Thursday, December 18, 2014

A 4-Mile Run is a 4-Mile Run, Right?

My "normal" run is 4 miles. I do it a two or three times a week. It's my standard. My ordinary. My ham-and-cheese-on-white-bread workout.

Some days, it's a breeze. Some days I struggle to knock it out. It normally includes a quarter-mile warm up and cool down walk at each end. It normally is at a 5.8-6.0 mph pace. And it normally takes me about 45 minutes, all said and done.

So when I saw a HIIT (High Intensity Interval Training) version of my normal run, I thought it would be fun to try because, in the back of my head, I thought it would be easy. The plan said to run for one minute at 50% of your normal exertion, followed by a minute at 70% and another minute at 100%. Repeat this cycle 15 times or for 45 total minutes.

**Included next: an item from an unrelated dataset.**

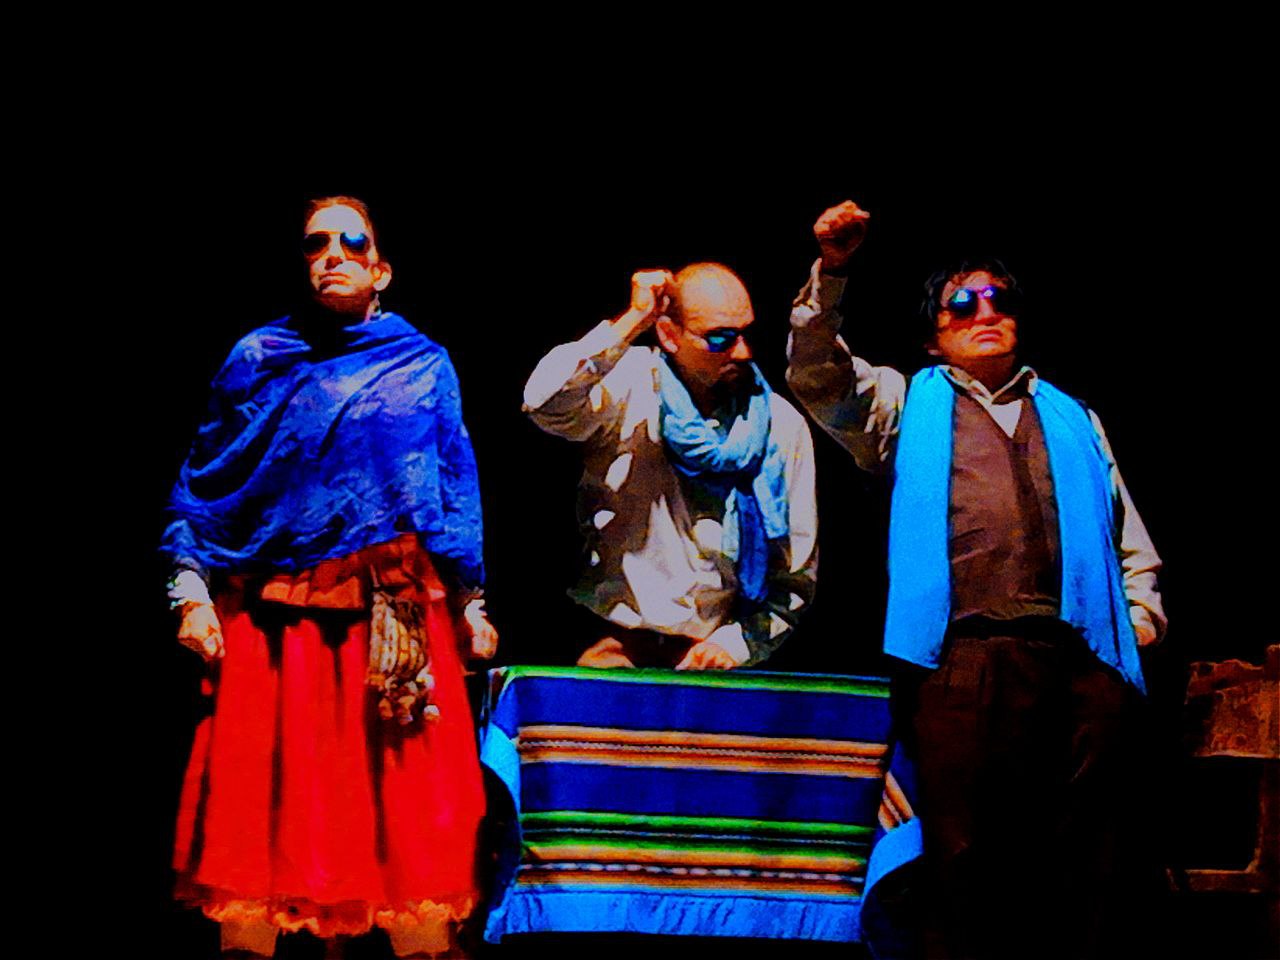 “Que vuelva el Mar”, el grito boliviano en el Festival de Teatro Progresista

Run at 50% for a third of my normal time? How hard could that be? Sounds not so tough, right?

Ha! Famous last words.

I chose to do the 50% at 5.0 mph, 70% at 5.5 mph and 100% at 6.2 mph.

And the 45 minutes kicked my ass.

I got it done, but not without backing that 6.2 down to a 6.0 for three cycles at the end. And, I was all in when it was over.

I ran the same 4 miles in 45 minutes, and two thirds of it was considerably slower than my normal pace.

Intervals work. Intervals increase cardio efficiency, improve overall speed and increase endurance. They also help you burn more calories in the same amount of time.

I'm going to try and make one run every two weeks an interval one. Try it yourself. Start with a 30-second interval for 10 cycles and see where you're at. Increase interval time and number of cycles as you get stronger.